So, I’ve been avoiding writing this blog for awhile now, but I finally decided to finish it off. I don’t know how to even begin to recap everything that happened in Paraguay and to accept that it has officially come to a close. While I have missed family and friends back home, I was nowhere near being able to understand what it would be like having to leave so many people that I love.
Last week I finished my time at the school with the students and left with a full bag full of notes and little trinkets, but a very broken heart. I looked at these students for my last times understanding that I have no idea when or if I will see them again. I heard so many little “I love you” , “I will miss you teacher” and “when will you come back?” That last question is what I have been struggling through the most. God willing…I hope soon.
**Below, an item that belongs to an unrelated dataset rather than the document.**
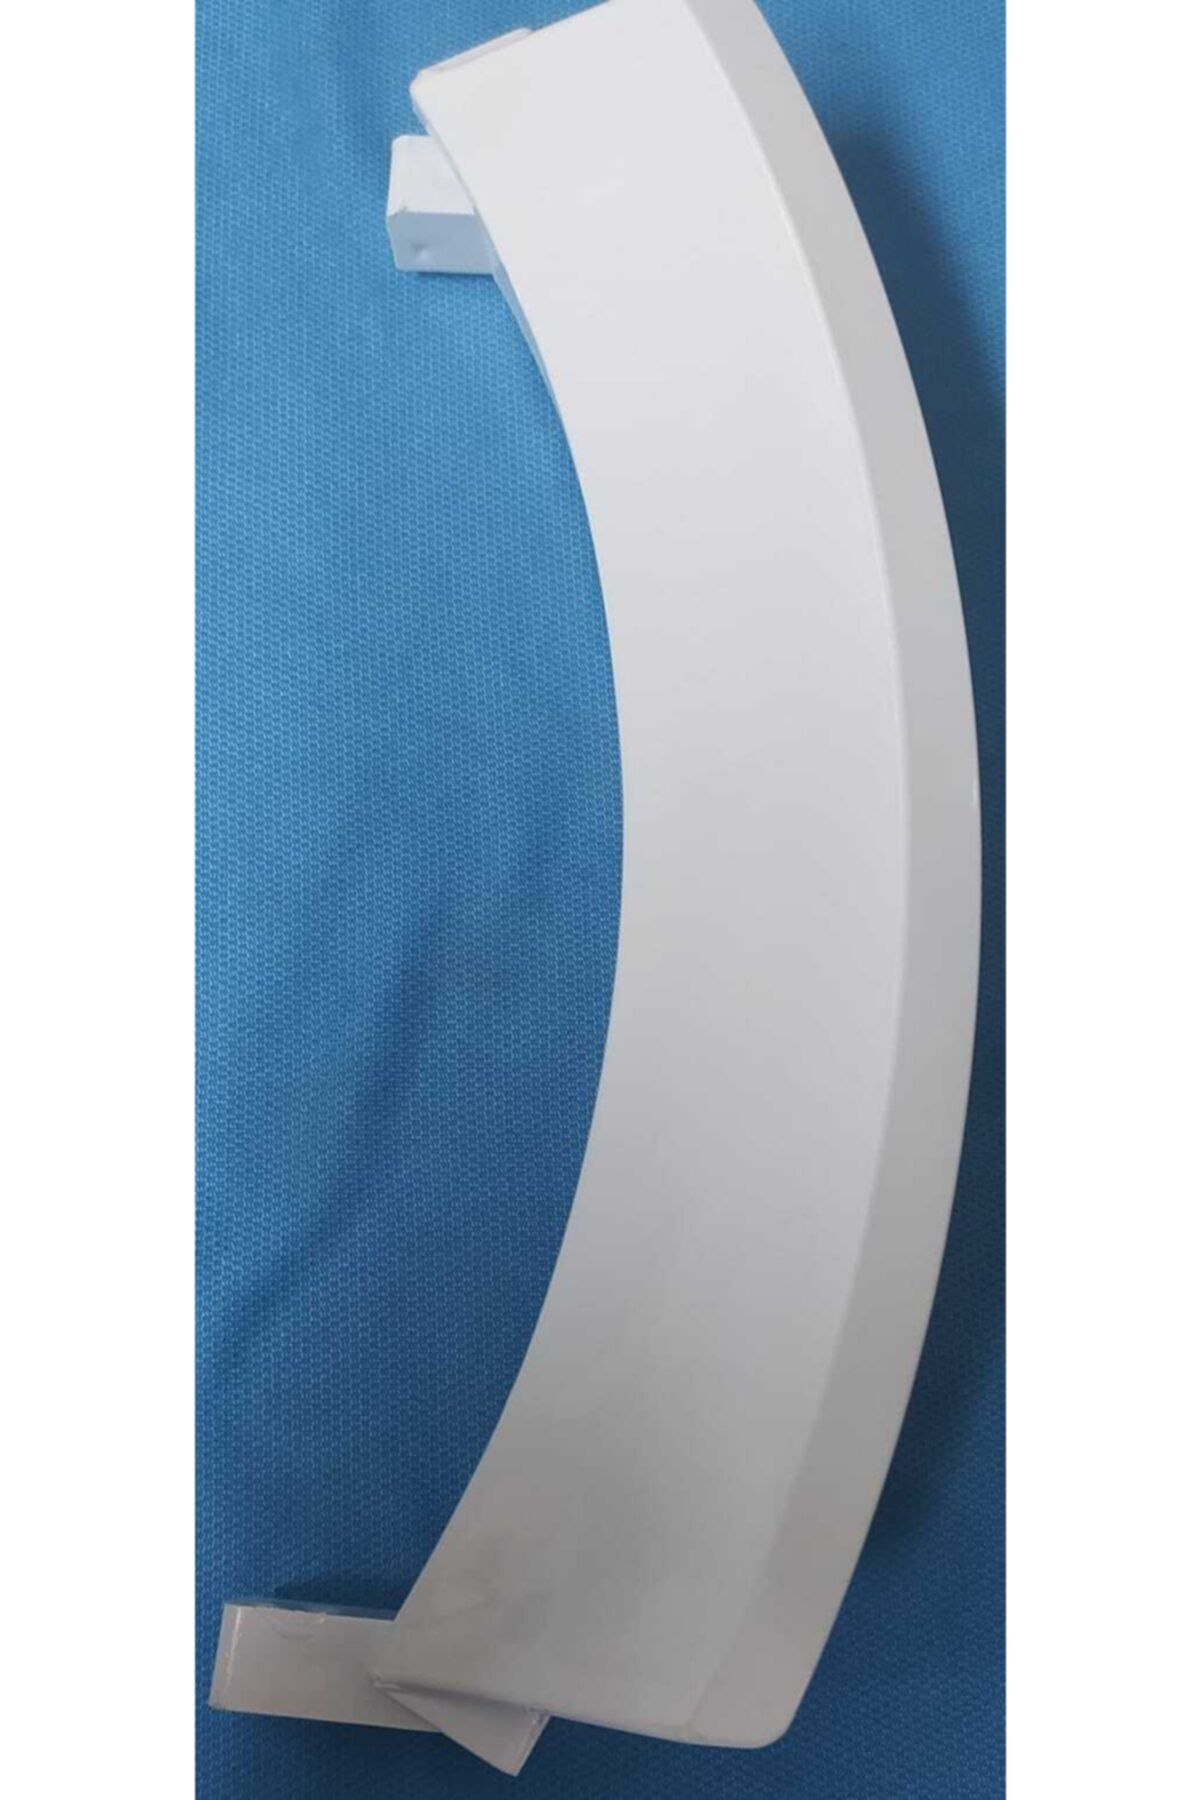 Bosch Logixx 8 Kg Çamaşır Makinesi Kapak Mandalı Beyaz Renk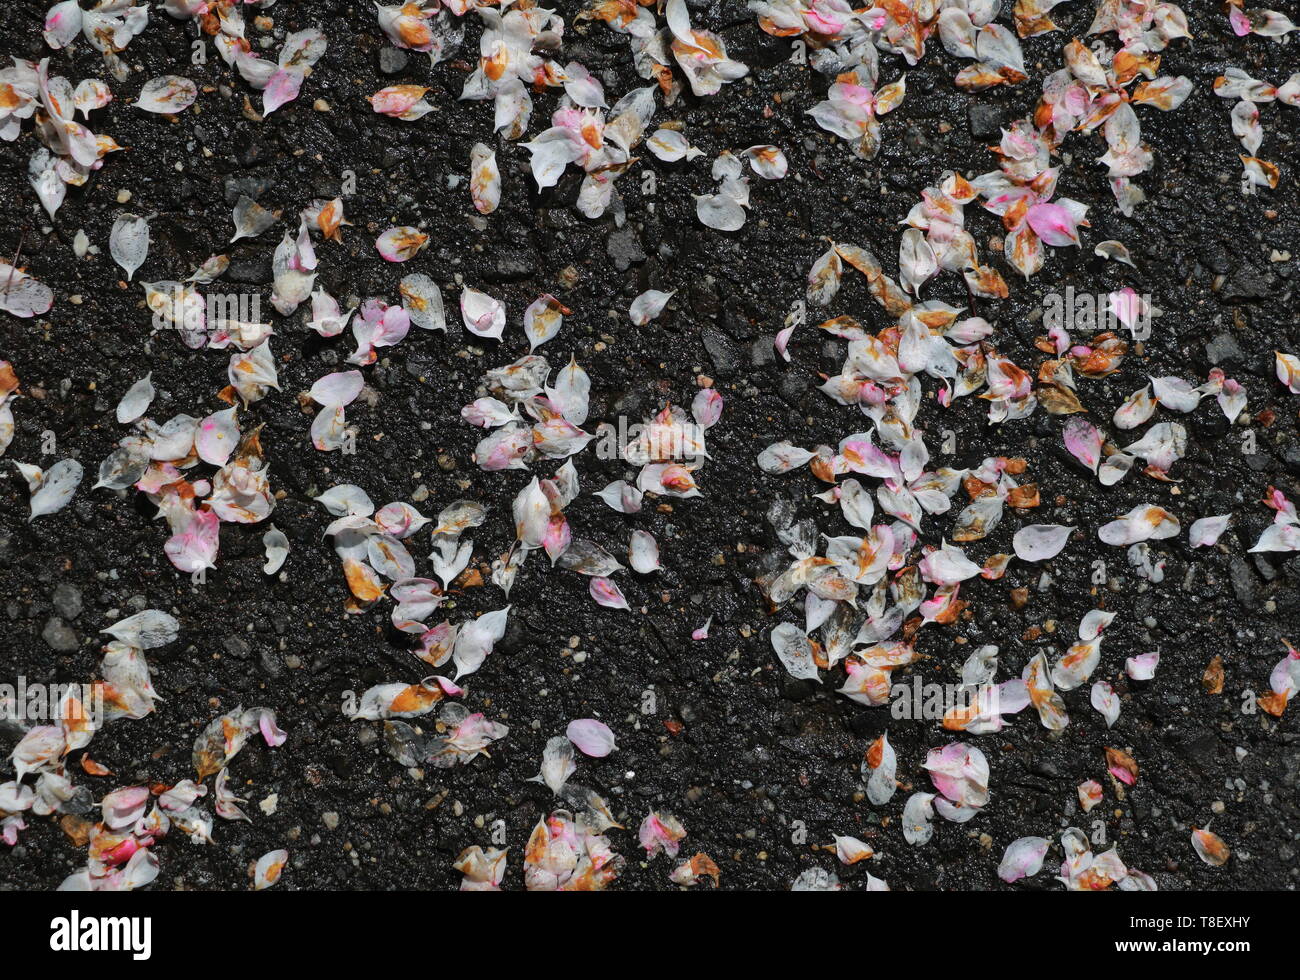 Rose et blanc humide pétales de fleurs sur le sol après une douche de printemps Banque D'Images

Those kids, that school has completely altered my future plans. Everything I thought I wanted got completely destroyed. I guess that’s what our God is in the business of, completely wrecking what we have planned. But guess what, His plans are so much better than ours. I have said that before, but I really believe that with all of my heart now. God has completely changed my life in only 2 months. The people of Paraguay will forever be in my heart and I pray that I will be able to go back there (soon) someday.
On Sunday morning I said my final goodbyes and took a plane out from Asuncion to Sao Paulo. Going through immigration and seeing the security guard put on that exist stamp was an abrupt way to help me realize that this all was happening. I was really leaving this place.
Leaving it completely breaks my heart. I never would have imagined leaving to be so hard, but I also never would have imagined my experience to be so good. It has been the hardest, but the very best thing I have done in my life.
I am currently in Charlotte, NC doing my debrief with the group of STA’s I had orientation with and it has been cool to hear the stories and how God has been at work with this group. I will be flying out for home on Friday. For those who are apart of my home church, I wanted to let you know that I will be speaking during Sunday school this weekend at church and hope to see many of you there!
As always, thank you for your prayers. God has definitely heard them and has blessed me immensely.
A few things to note for final prayer:
Making adjustments upon my return home
Being able to process everything
Safe travel back to Algona
For God to give me the words to say to be able to communicate all the incredible things that happened in Paraguay
Te Amo Paraguay. Te extraño Paraguay. Chao Chao!